• **Exercise details**: Repeat all of the data below word for word, keeping no images.

• **The data**:

= Beginning of Section =

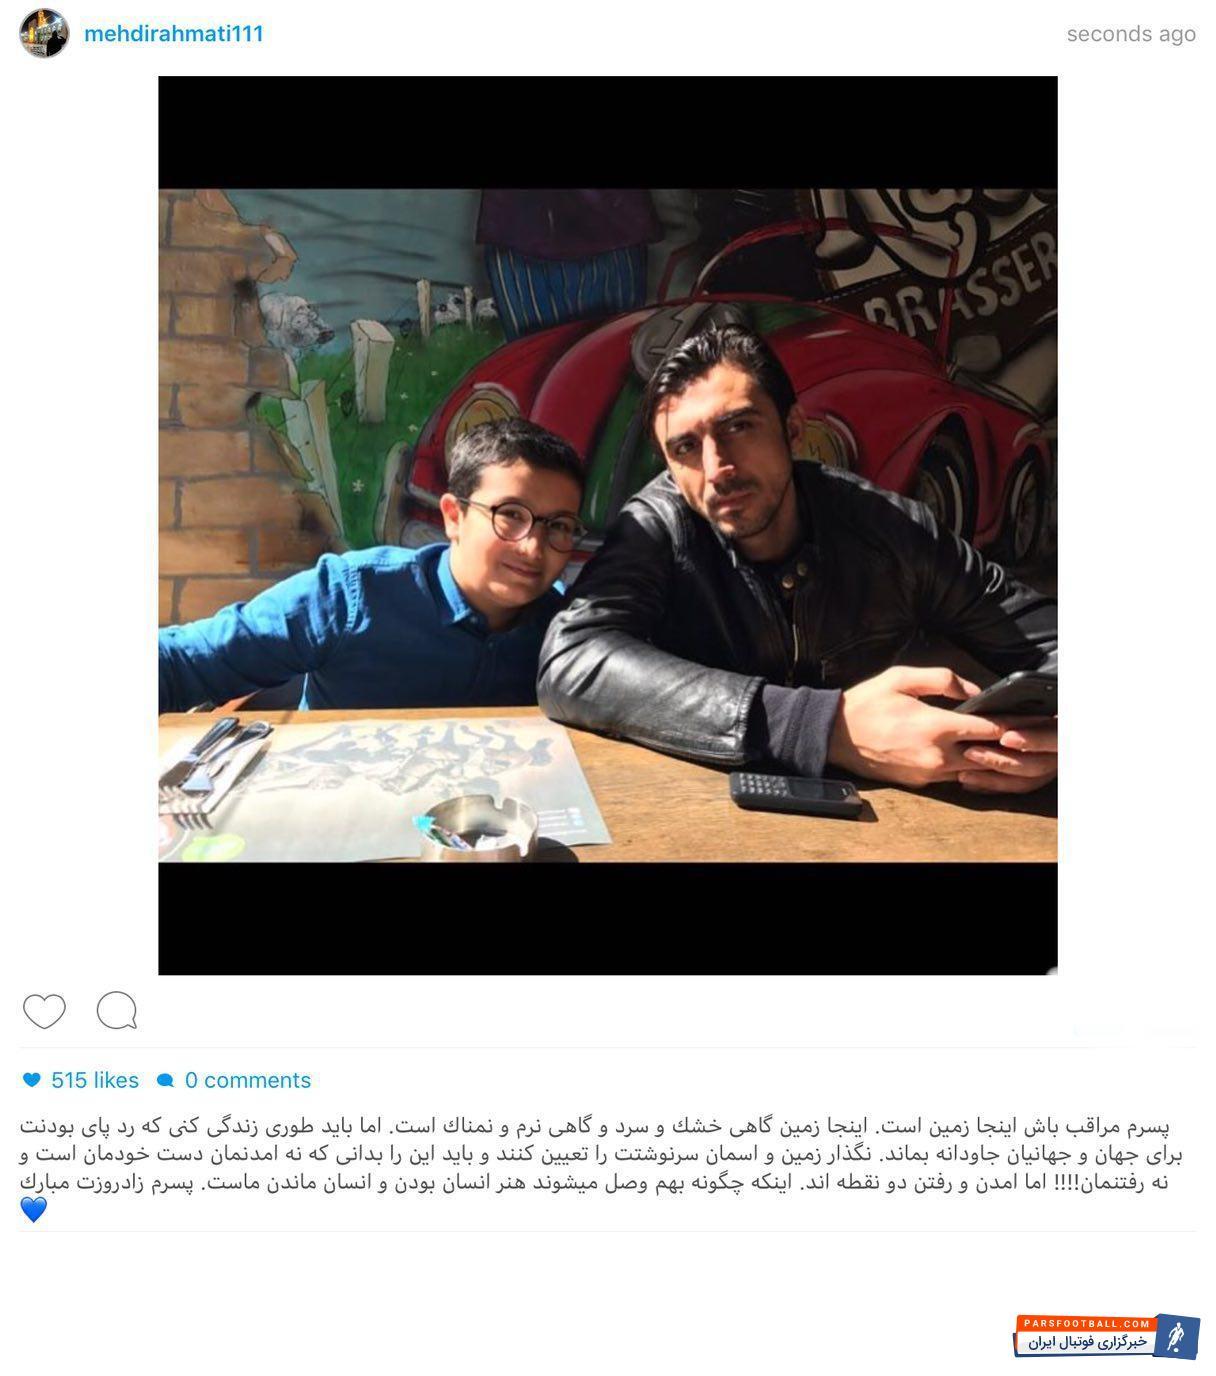 """عکس ؛ پست اینستاگرام متفاوت دروازه بان """" استقلال """" خبرساز شد"""
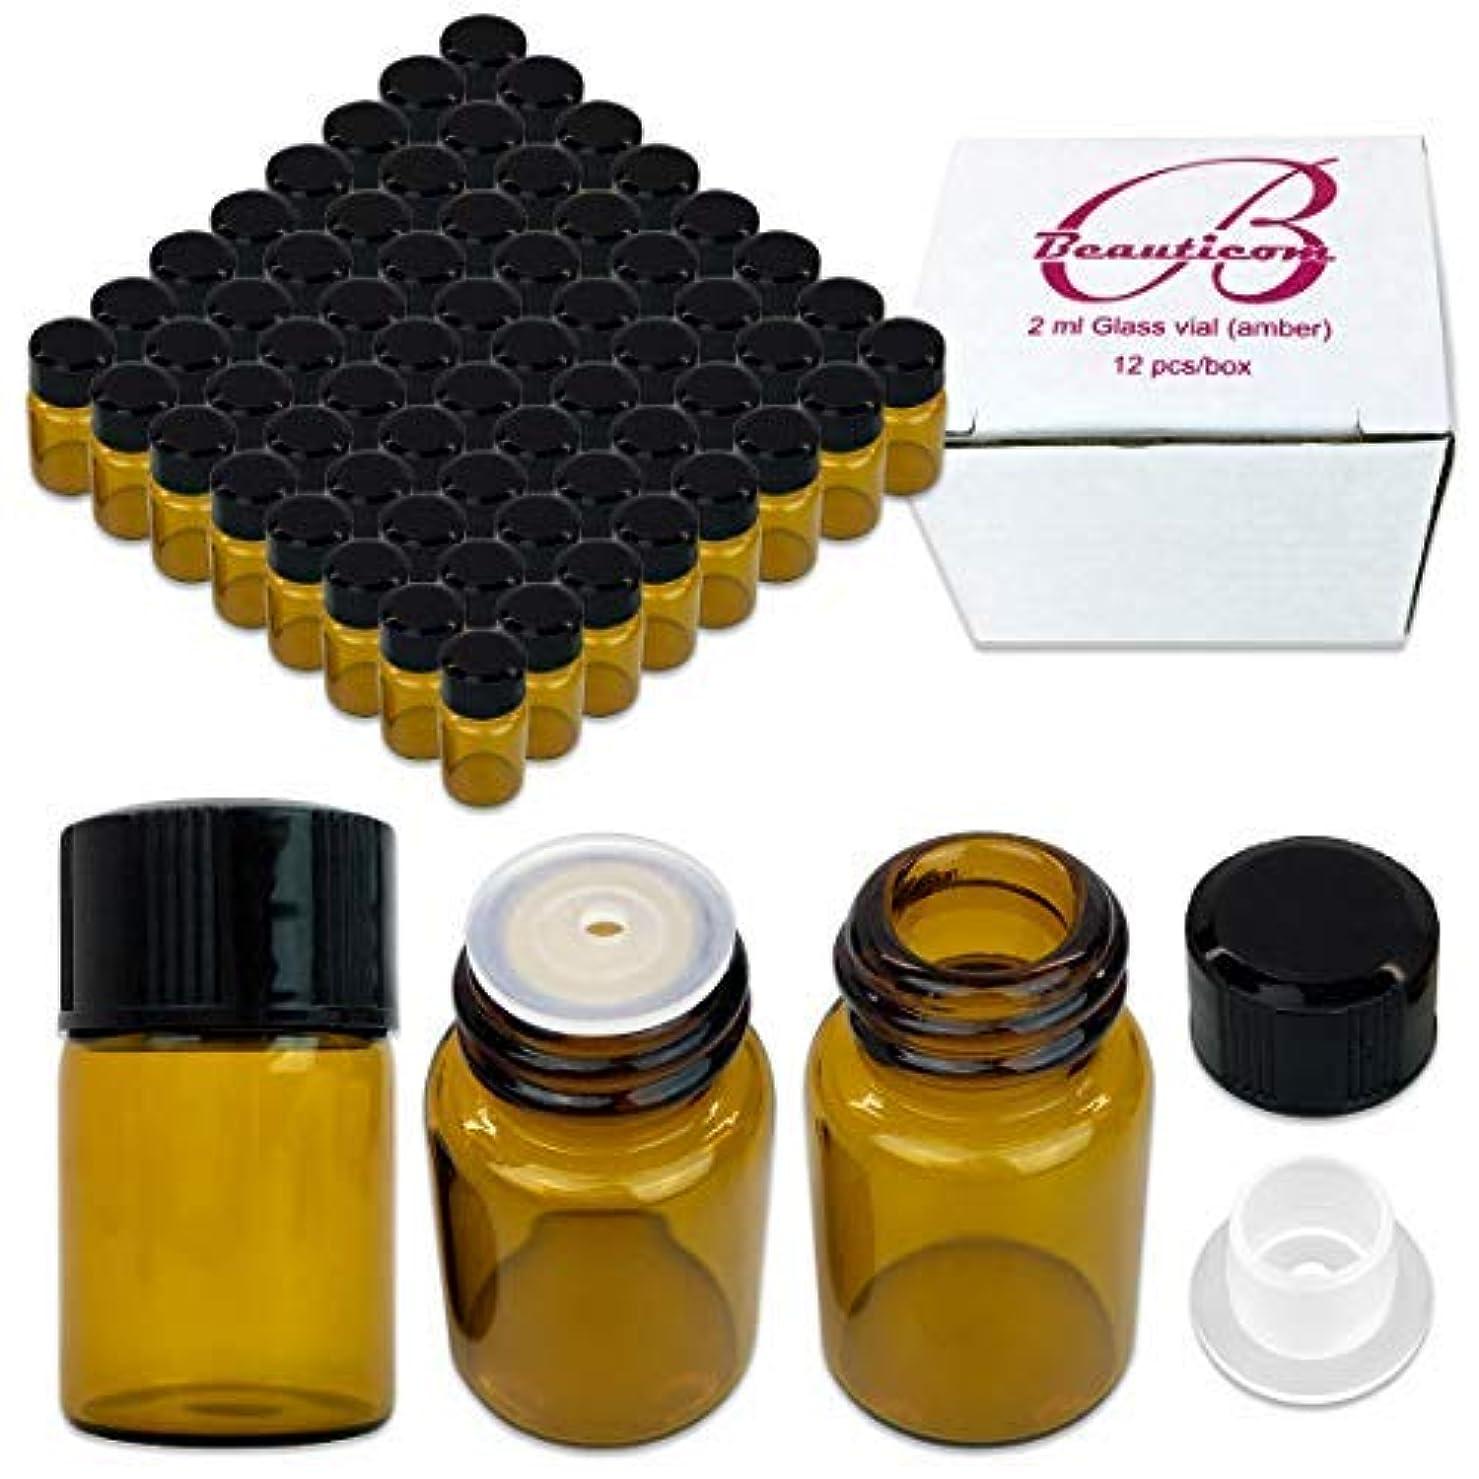 君主ランドリー前売84 Packs Beauticom 2ML Amber Glass Vial for Essential Oils, Aromatherapy, Fragrance, Serums, Spritzes, with Orifice...
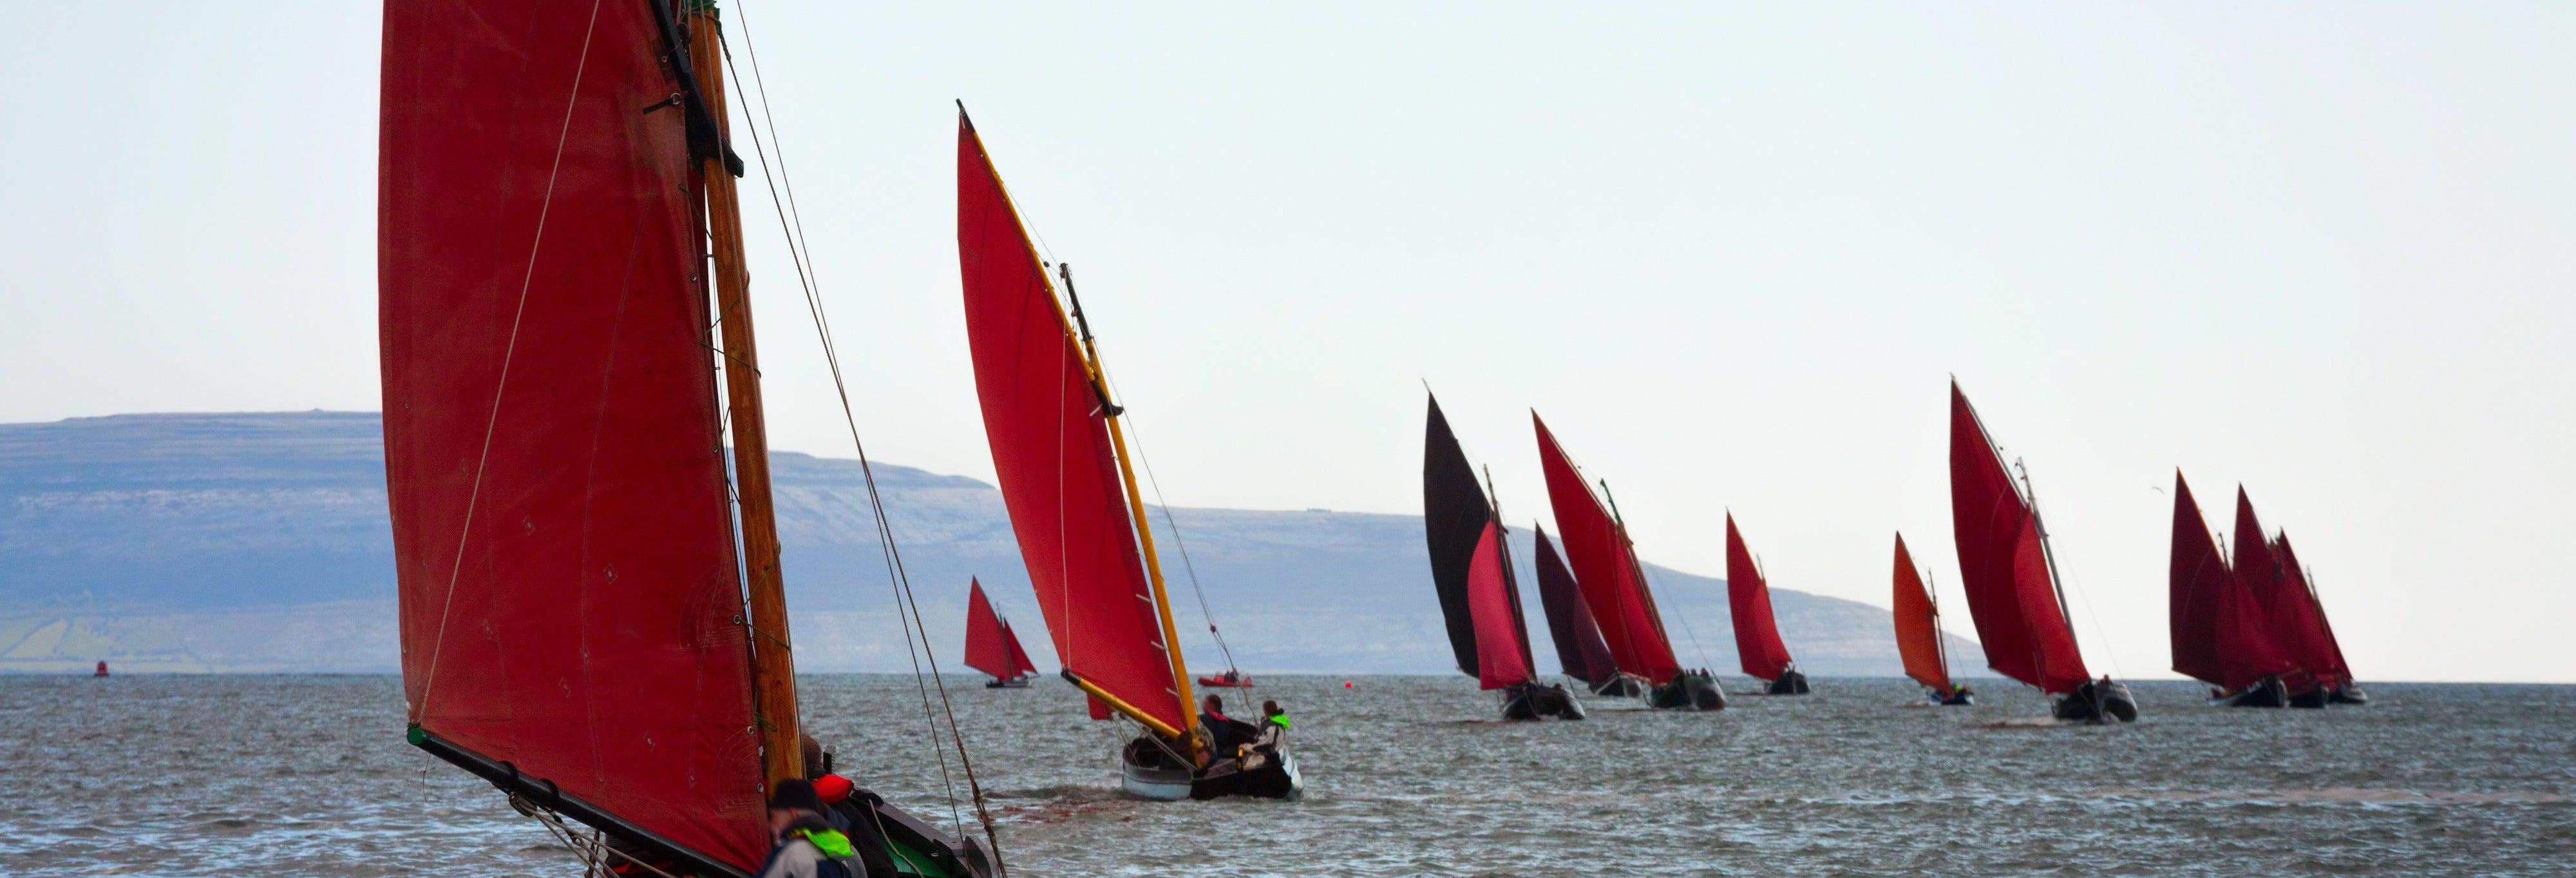 Paseo en velero tradicional por la costa oeste de Irlanda
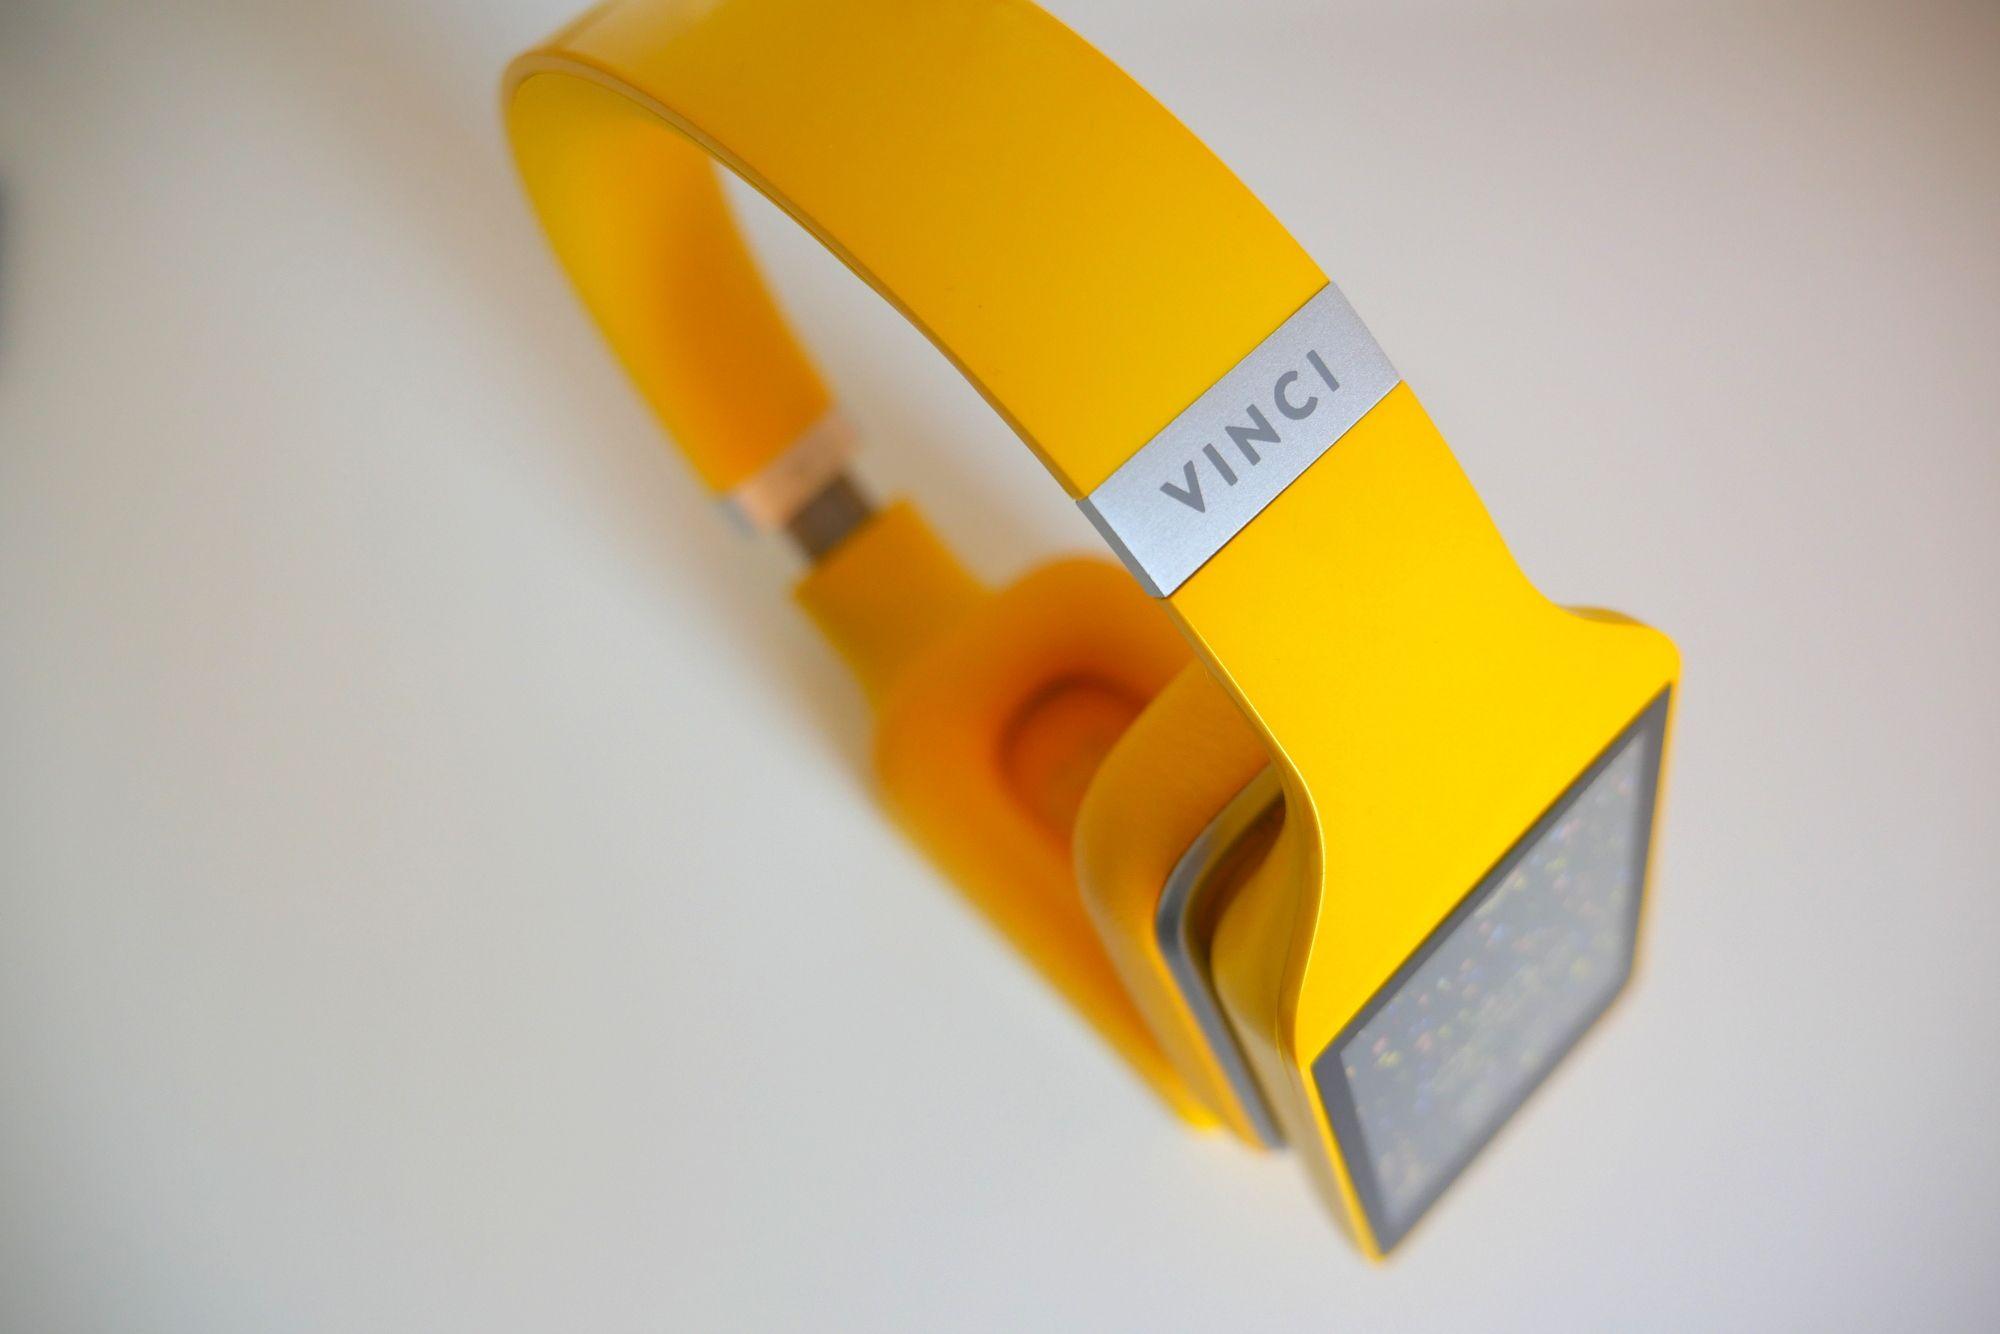 Vinci: ecco le cuffie bluetooth che vi capiscono, e rispondono

= End of Section =

• **Answer box**:
 """عکس ؛ پست اینستاگرام متفاوت دروازه بان """" استقلال """" خبرساز شد"""
 君主ランドリー前売84 Packs Beauticom 2ML Amber Glass Vial for Essential Oils, Aromatherapy, Fragrance, Serums, Spritzes, with Orifice...
 Paseo en velero tradicional por la costa oeste de Irlanda
 Vinci: ecco le cuffie bluetooth che vi capiscono, e rispondono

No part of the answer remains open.